Verification / Alternative Check: Compute: 555681 / 987 = 563. So the teacher was really multiplying 987 by 563. Then recompute: 987 * 563 = 555681, which matches option 555681 exactly.
Why Other Options Are Wrong: Although some options adjust two digits, they fail the divisibility test by 987 and therefore cannot be correct products of 987 and an integer.
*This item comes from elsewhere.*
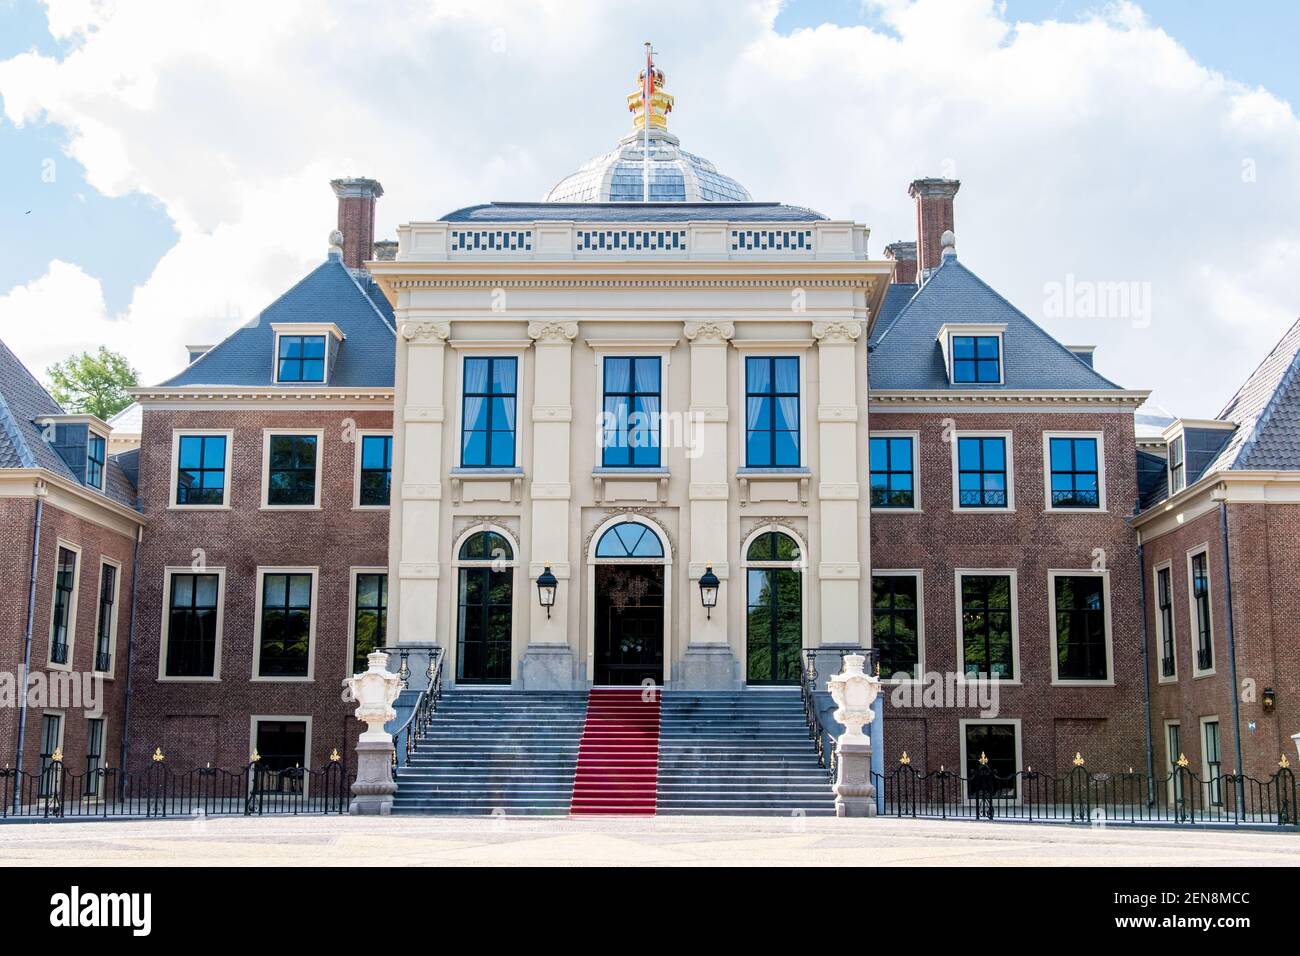 Huis ten Bosch Palace, after the renovation of the interior and exterior of  the Royal Palace, the new home of King Willem-Alexander and Queen Maxima of  the Netherlands. (Photo by DPPA/Sipa USA

Others may implicitly change digits that were supposed to be correct. Only 555681 both respects which digits are wrong and satisfies the multiplication condition.
Common Pitfalls: Students sometimes ignore the requirement that the result must be a multiple of 987 or misinterpret which digits are incorrect. Always enforce both conditions: the digit pattern and the exact divisibility by the known multiplier.
Final Answer: The correct product of 987 and the whole number is 555681.